Correlation Between Legg Mason and Clearbridge International
Can any of the company-specific risk be diversified away by investing in both Legg Mason and Clearbridge International at the same time? Although using a correlation coefficient on its own may not help to predict future stock returns, this module helps to understand the diversifiable risk of combining Legg Mason and Clearbridge International into the same portfolio, which is an essential part of the fundamental portfolio management process.
By analyzing existing cross correlation between Legg Mason Bw and Clearbridge International Value, you can compare the effects of market volatilities on Legg Mason and Clearbridge International and check how they will diversify away market risk if combined in the same portfolio for a given time horizon. You can also utilize pair trading strategies of matching a long position in Legg Mason with a short position of Clearbridge International. Check out your portfolio center. Please also check ongoing floating volatility patterns of Legg Mason and Clearbridge International.
Diversification Opportunities for Legg Mason and Clearbridge International
0.84 | Correlation Coefficient |
Very poor diversification
The 3 months correlation between Legg and Clearbridge is 0.84. Overlapping area represents the amount of risk that can be diversified away by holding Legg Mason Bw and Clearbridge International Valu in the same portfolio, assuming nothing else is changed. The correlation between historical prices or returns on Clearbridge International and Legg Mason is a relative statistical measure of the degree to which these equity instruments tend to move together. The correlation coefficient measures the extent to which returns on Legg Mason Bw are associated (or correlated) with Clearbridge International. Values of the correlation coefficient range from -1 to +1, where. The correlation of zero (0) is possible when the price movement of Clearbridge International has no effect on the direction of Legg Mason i.e., Legg Mason and Clearbridge International go up and down completely randomly.
Pair Corralation between Legg Mason and Clearbridge International
Assuming the 90 days horizon Legg Mason is expected to generate 93.75 times less return on investment than Clearbridge International. But when comparing it to its historical volatility, Legg Mason Bw is 1.32 times less risky than Clearbridge International. It trades about 0.0 of its potential returns per unit of risk. Clearbridge International Value is currently generating about 0.04 of returns per unit of risk over similar time horizon. If you would invest 712.00 in Clearbridge International Value on September 2, 2024 and sell it today you would earn a total of 130.00 from holding Clearbridge International Value or generate 18.26% return on investment over 90 days.

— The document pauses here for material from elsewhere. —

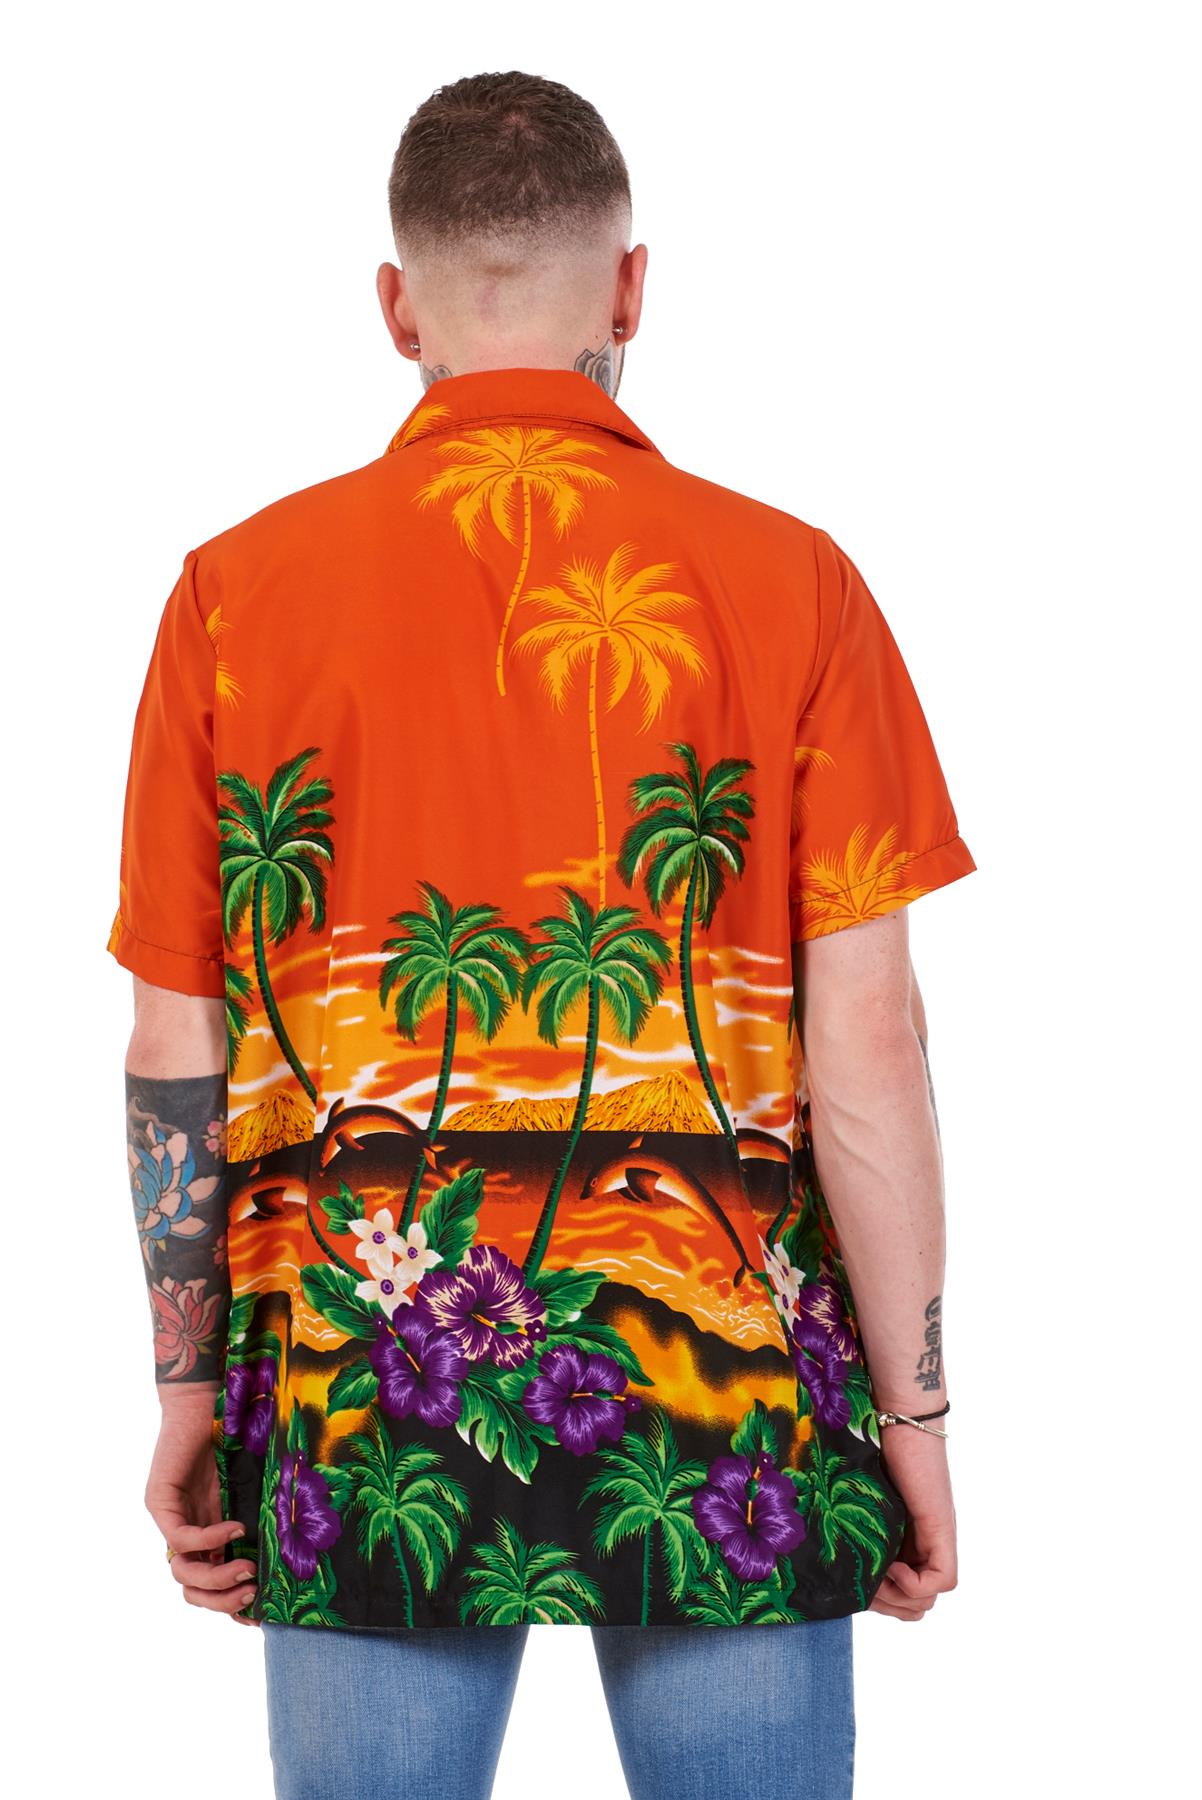 Mens-Hawaiian-Shirt-Multi-Colors-Print-Regular-Big-Size-Summer-Fancy-Dress-M-5XL thumbnail 24

Time Period | 3 Months [change] |
Direction | Moves Together |
Strength | Strong |
Accuracy | 100.0% |
Values | Daily Returns |
Legg Mason Bw vs. Clearbridge International Valu
Performance |
Timeline |
Legg Mason Bw |
Clearbridge International |
Legg Mason and Clearbridge International Volatility Contrast
Predicted Return Density |
Returns |
Pair Trading with Legg Mason and Clearbridge International
The main advantage of trading using opposite Legg Mason and Clearbridge International positions is that it hedges away some unsystematic risk. Because of two separate transactions, even if Legg Mason position performs unexpectedly, Clearbridge International can make up some of the losses. Pair trading also minimizes risk from directional movements in the market. For example, if an entire industry or sector drops because of unexpected headlines, the short position in Clearbridge International will offset losses from the drop in Clearbridge International's long position.Legg Mason vs. Clearbridge Aggressive Growth | Legg Mason vs. Clearbridge Small Cap | Legg Mason vs. Qs International Equity | Legg Mason vs. Clearbridge Appreciation Fund |
Check out your portfolio center.Note that this page's information should be used as a complementary analysis to find the right mix of equity instruments to add to your existing portfolios or create a brand new portfolio. You can also try the Instant Ratings module to determine any equity ratings based on digital recommendations. Macroaxis instant equity ratings are based on combination of fundamental analysis and risk-adjusted market performance.